KI erkennt dann, dass ein menschlicher Angreifer sich im Netz zu schaffen macht. Die individuelle Taktik des Hackers bildet sich nicht durch statistische Indikatoren ab. Um die nächsten Schritte des Angreifers vorwegzunehmen, kann sich ein erfahrener Sicherheitsanalyst in den Hacker hineinversetzen und seine nächsten Schritte voraussehen.
- Gesamtheitliche Tätermotivation erfassen:
Eine Cyberabwehr muss die Motive eines Kriminellen berücksichtigen. Nicht jeder Angreifer will Daten entwenden, verschlüsseln und Lösegeld erhalten. Hacker haben verschieden Motive: Das Kapern von Ressourcen, um Bitcoins zu schürfen, eine vielleicht politisch oder persönlich motivierte Sabotage oder einfach die Lust am Zerstören. Somit darf eine Abwehr nicht nur Daten sichern oder Informationslecks schließen. Eine nachhaltige Reaktion verlangt ein Verständnis der menschlichen Psychologie.
- Relevante und priorisierte Sicherheit anstatt Abwehr-Automatismen:
Ein IT-Sicherheitsanalyst priorisiert Risiken individuell für ein Unternehmen. Dabei erfolgt die Wahl der Abwehr je nach Kontext: Handelt es sich um wiederbeschaffbare Daten, die möglicherweise gar keinen Wert mehr für das Unternehmen haben oder um die vielzitierten Kronjuwelen? Daraus resultierende Fragen nach einer zur Situation passenden Abwehr angesichts der Relevanz von Daten oder Prozessen für den Geschäftserfolg kann eine KI nicht beantworten.
Zudem hat der Analyst den Blick für branchentypische Angriffe. Greifen Hacker den e-tailer X aktuell mit einer Malware an, ist nicht ausgeschlossen, dass sie es danach bei Konkurrent Y und Z versuchen. Eine KI, die nur das eigene Netz im Blick hat, sieht ein solches Risiko nur, wenn eine hochaktuelle Threat Intelligence sie unterstützt.
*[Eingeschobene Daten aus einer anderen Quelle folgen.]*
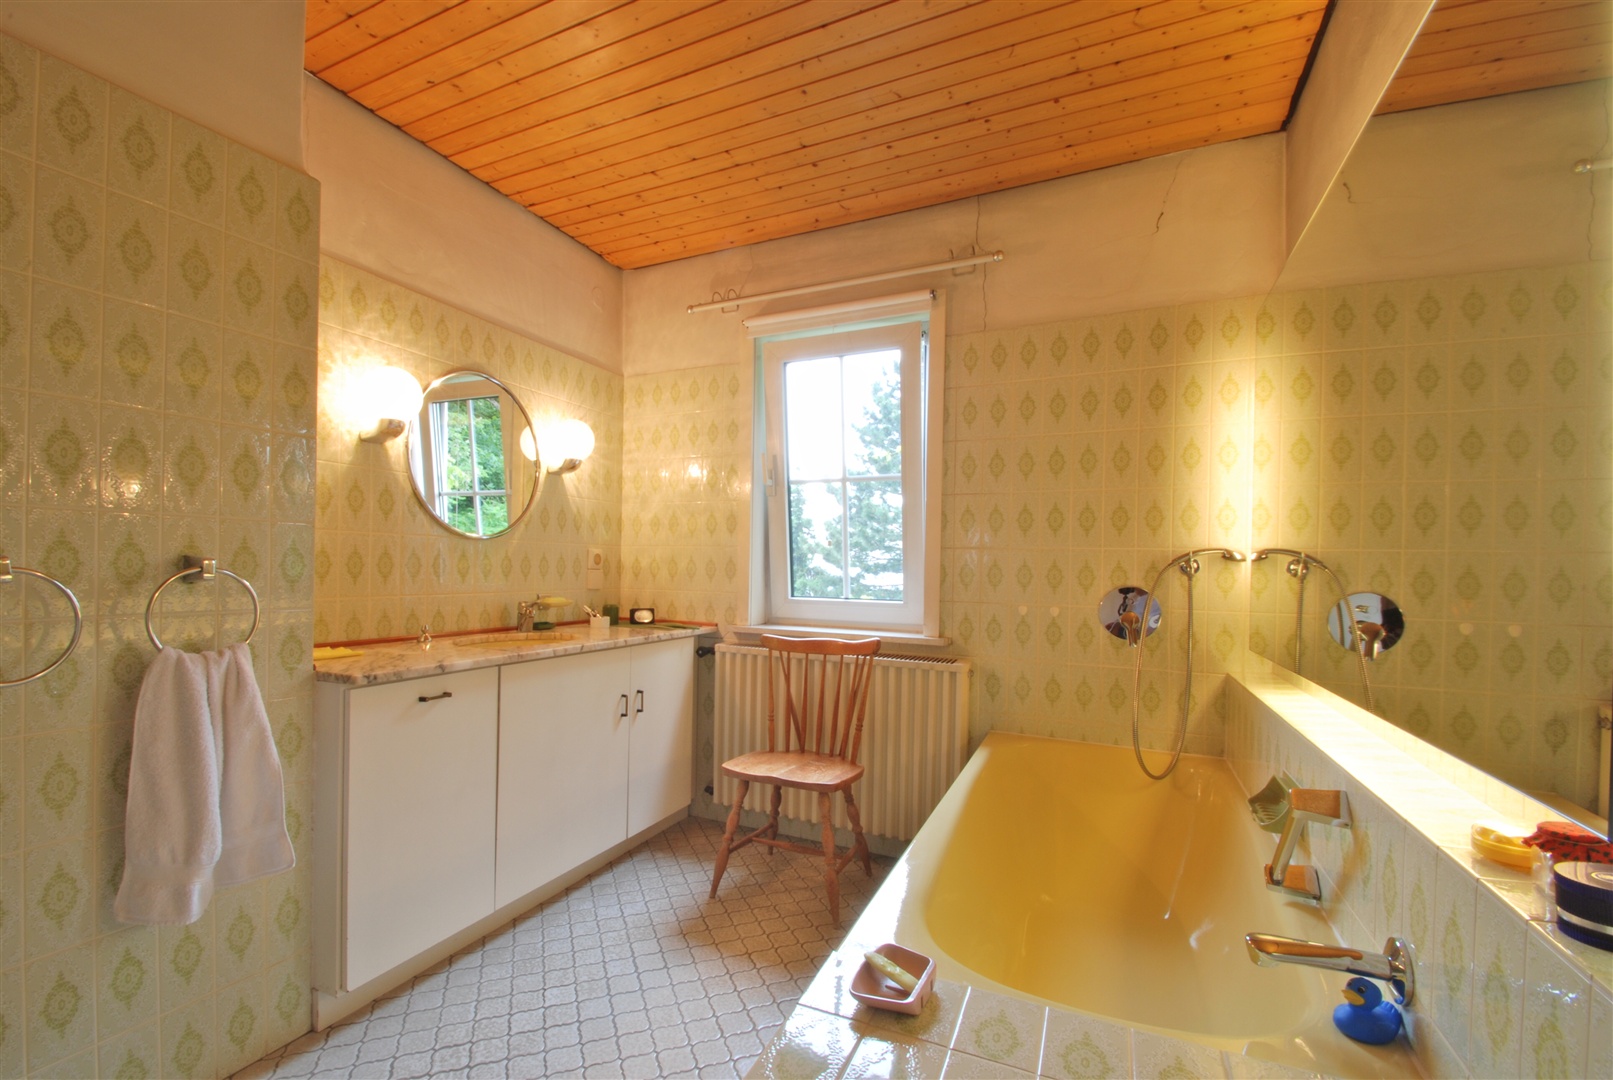 Elternbadezimmer mit Wanne, zwei Waschtischen, Einbauschrank und WC. - Oliver Reifferscheid - Immobilienmakler Darmstadt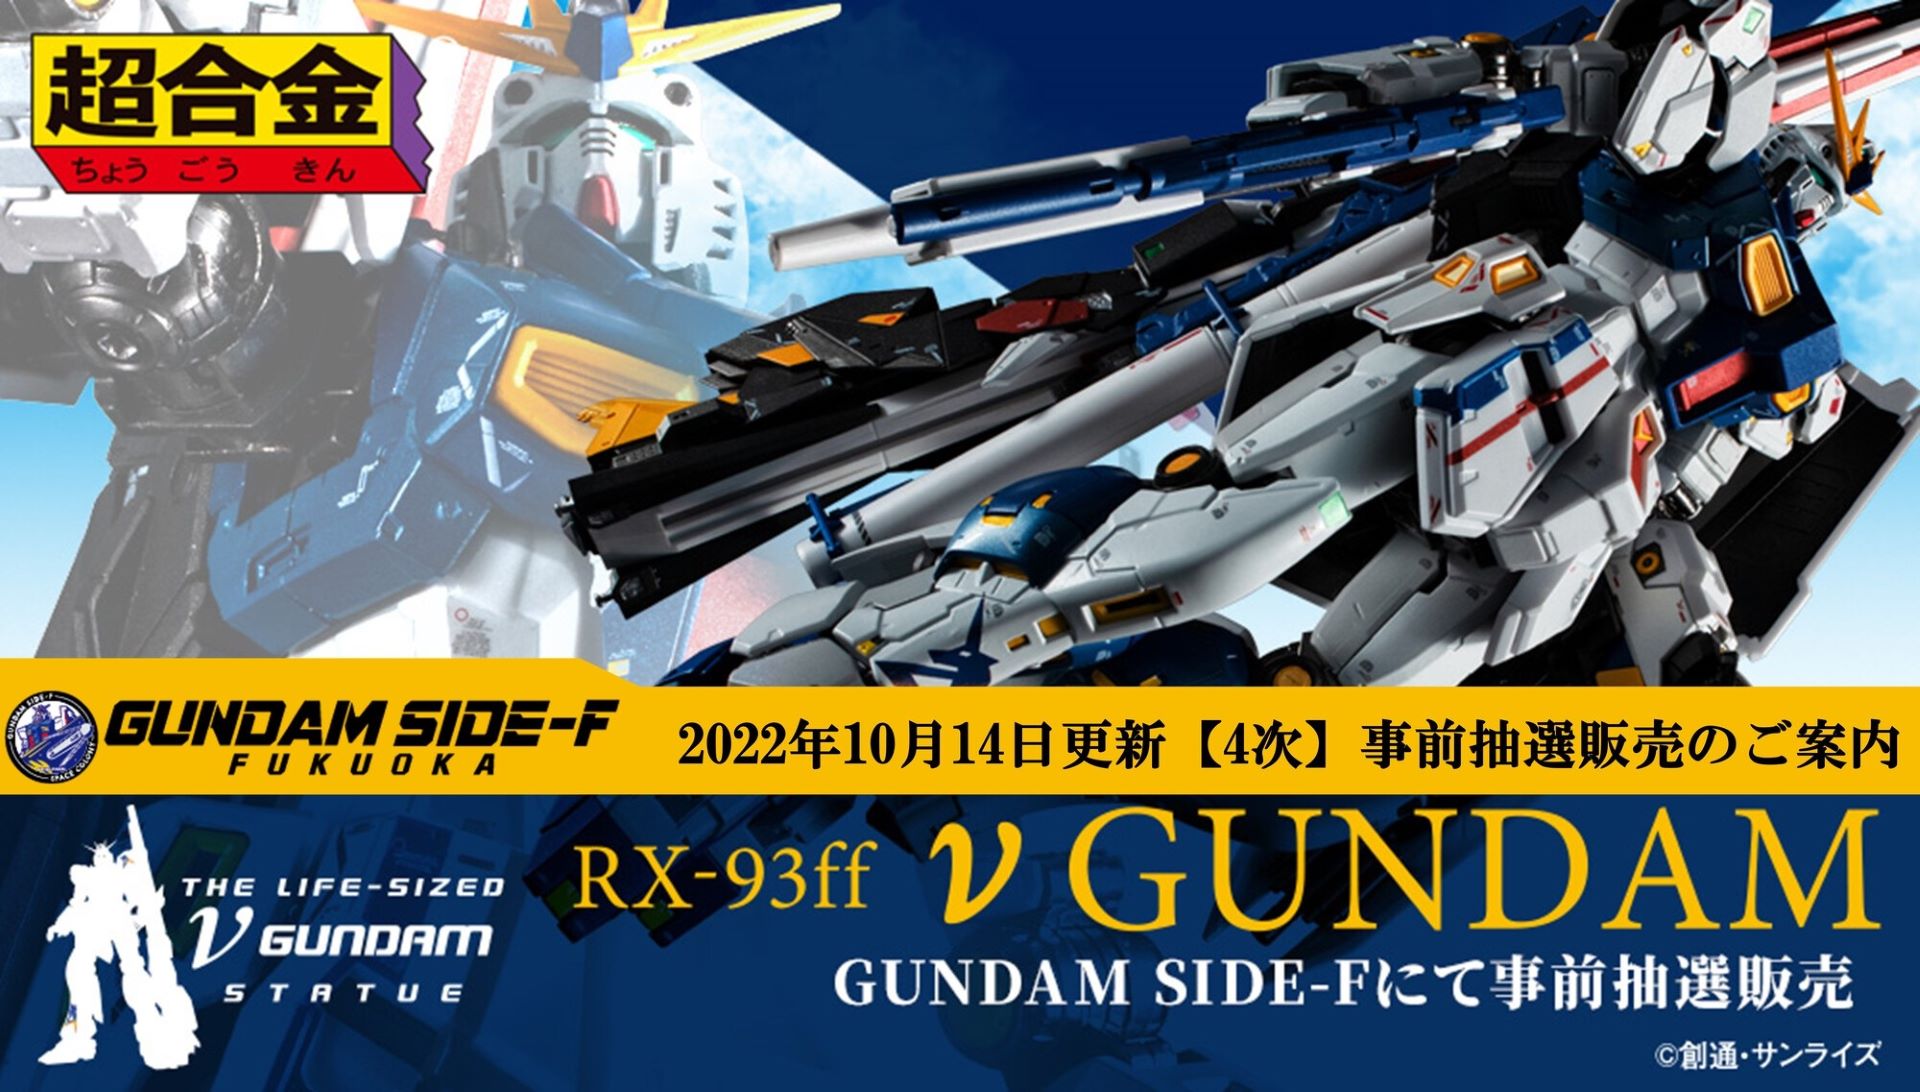 超合金 RX-93ff νガンダム GUNDAM SIDE F 福岡 限定

- Abwehr leiten und Kollateralschäden vermeiden:
Eine KI hat große Stärken im Erkennen einer Gefahr und kann eine Abwehr automatisch starten. Jede Abwehr hat jedoch Nebenwirkungen und kann IT- oder Geschäftsabläufe beeinträchtigen. Die Abwehr ist unter Umständen nicht weniger komplex und folgenreich als die APT.
Somit sind hier Sicherheitsanalysten gefragt, weil sie die Folgen des Handelns berücksichtigen und abwägen können. Nicht zu rechtfertigende Kollateralschäden, wie etwa das Blockieren eines IoT-gesteuerten Gebäudezugangs oder von IT-Systemen in der Krankenpflege, kann die menschliche Expertise vermeiden.
Beim Nachbereiten eines Angriffes kommt einem Sicherheitsanalysten dann eine wichtige beratende Rolle zu. Er kann anhand einer gespiegelten Aufzeichnung des gesamten Netzwerkes forensisch nachvollziehen, was passiert ist und wie Angriffe in Zukunft verhindert werden können.
KI und Mensch sind aufeinander angewiesen
IT-Sicherheit ohne KI gehört der Vergangenheit an. Dennoch wird der Sicherheitsexperte nicht überflüssig. Er bleibt relevant als kontinuierlicher Interpret von Alarmen, als Betreuer in Krisensituationen und als Berater für eine zukunftssichere IT-Sicherheit. Jede „Detection and Response“ ist idealerweise von einer „Managed Detection and Response“ ergänzt.